## Work task
Line by line, restate the material word for word, omitting any image.

## Source material
..............................
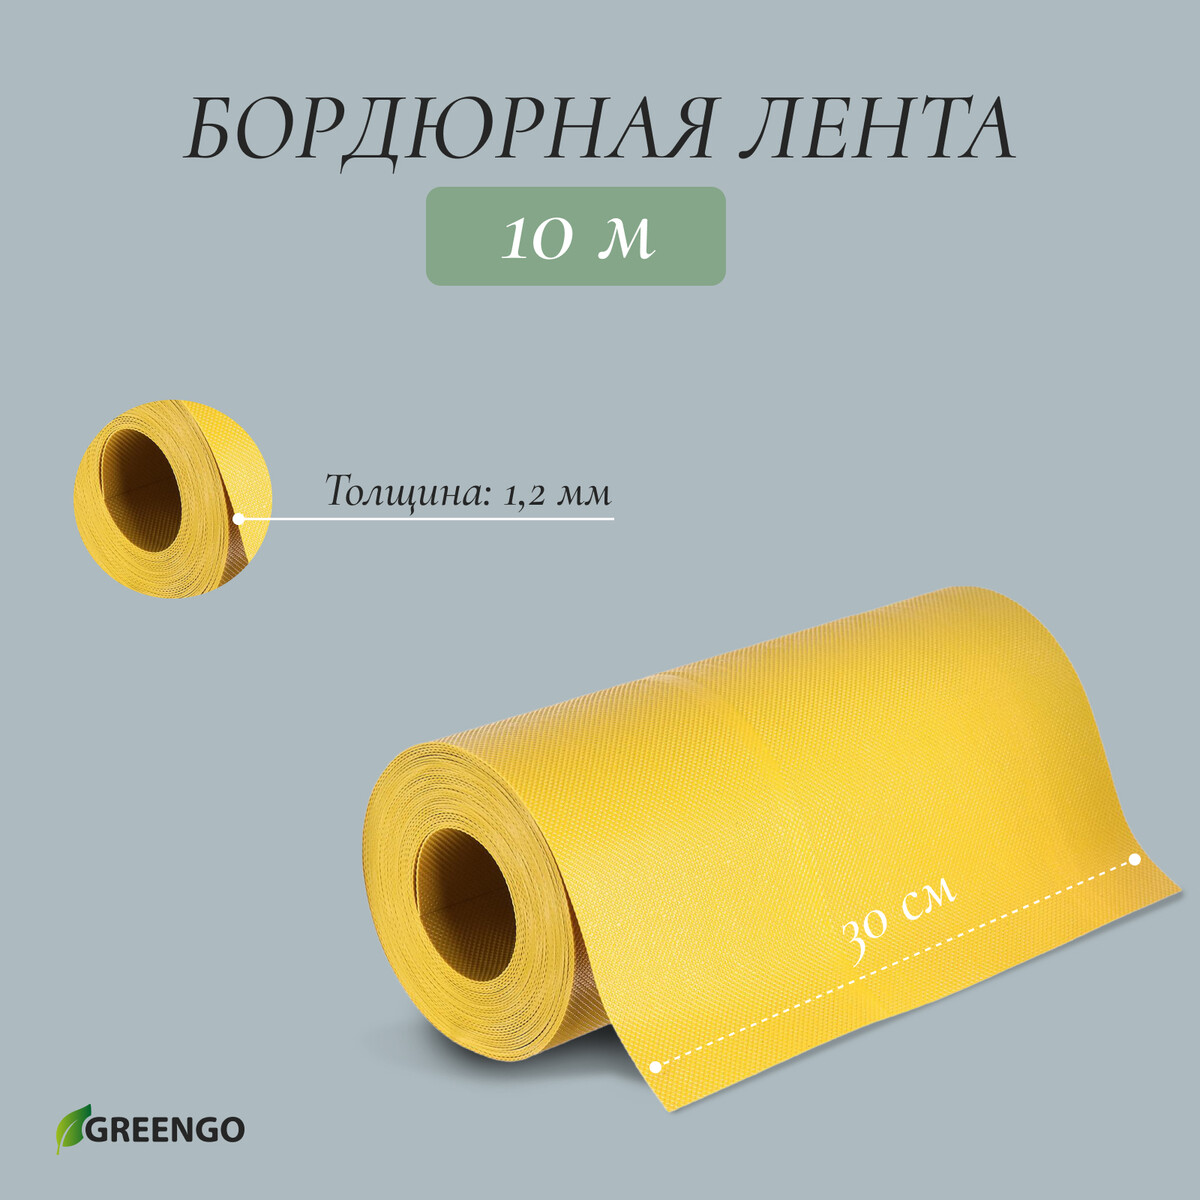 Лента бордюрная, 0.3 × 10 м, толщина 1.2 мм, пластиковая, желтая, greengo лента бордюрная 0 15 × 10 м толщина 1 2 мм пластиковая зеленая greengo
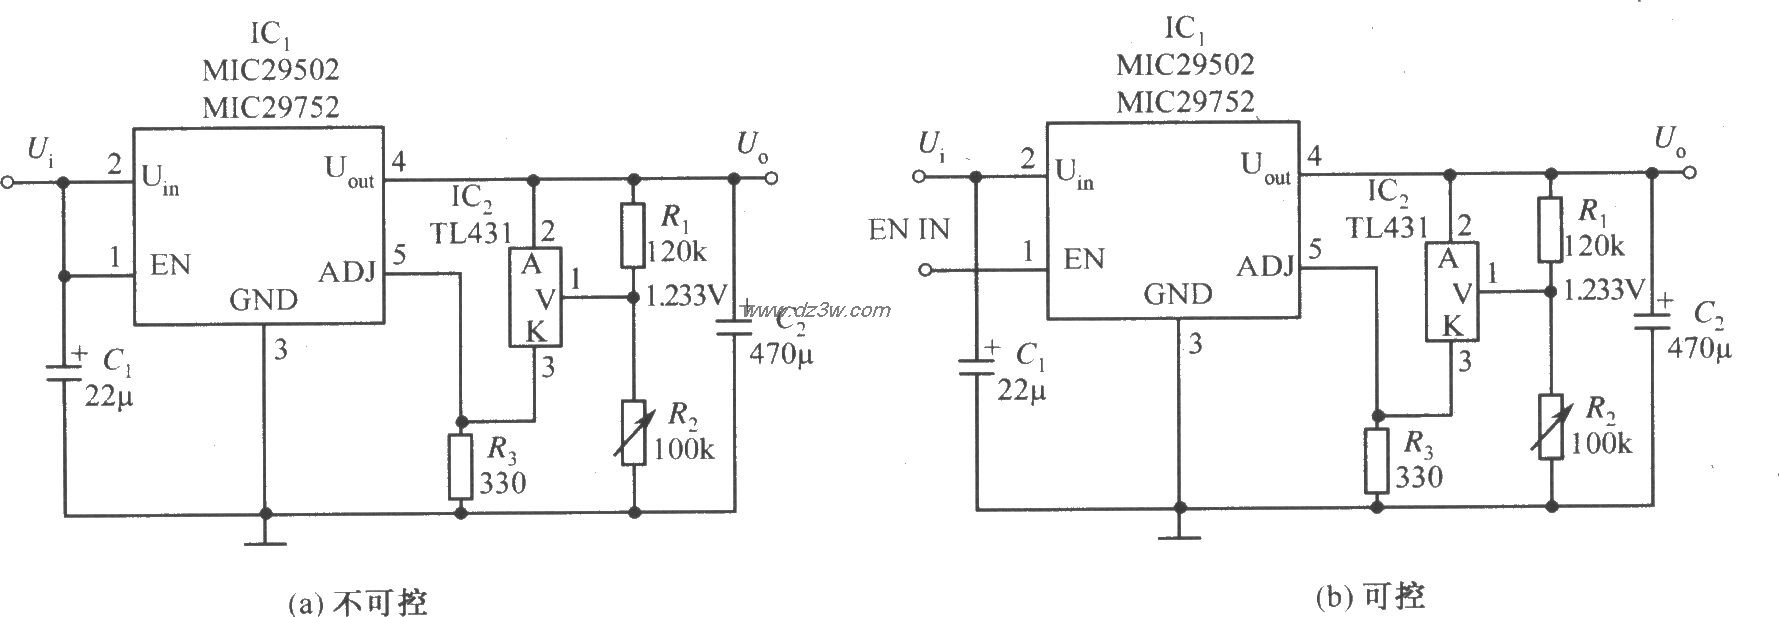 MIC29502／MIC29752構成的輸出精度得到改善的穩壓器電路
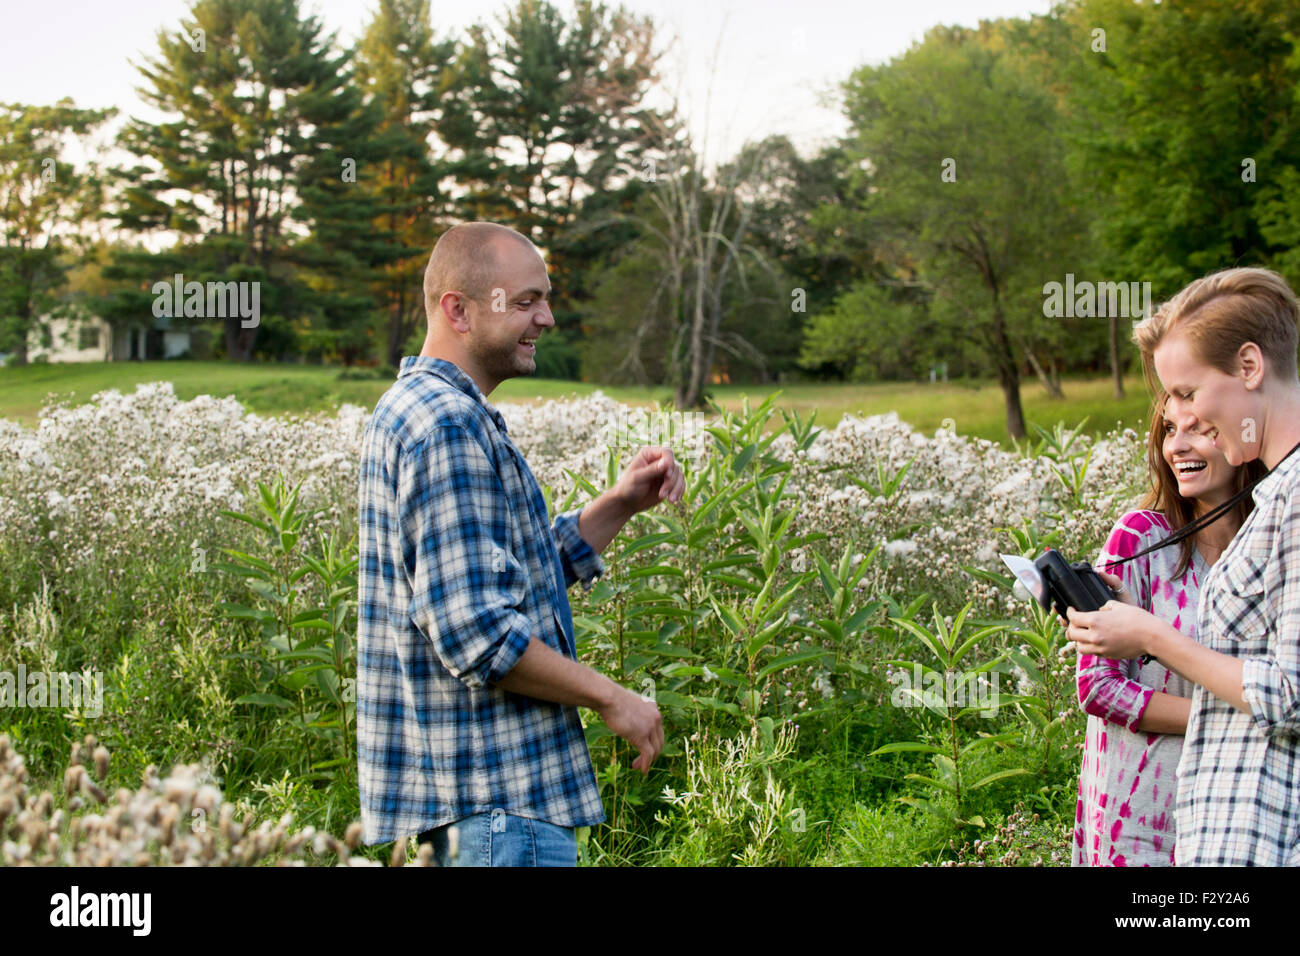 Drei Menschen, ein Mann und zwei Frauen in einer Wildblumenwiese stehen. Eine Frau hält eine Kamera mit Birne Flash-Anlage. Stockfoto
..............................
## Result
 Лента бордюрная, 0.3 × 10 м, толщина 1.2 мм, пластиковая, желтая, greengo лента бордюрная 0 15 × 10 м толщина 1 2 мм пластиковая зеленая greengo
 MIC29502／MIC29752構成的輸出精度得到改善的穩壓器電路
 Drei Menschen, ein Mann und zwei Frauen in einer Wildblumenwiese stehen. Eine Frau hält eine Kamera mit Birne Flash-Anlage. Stockfoto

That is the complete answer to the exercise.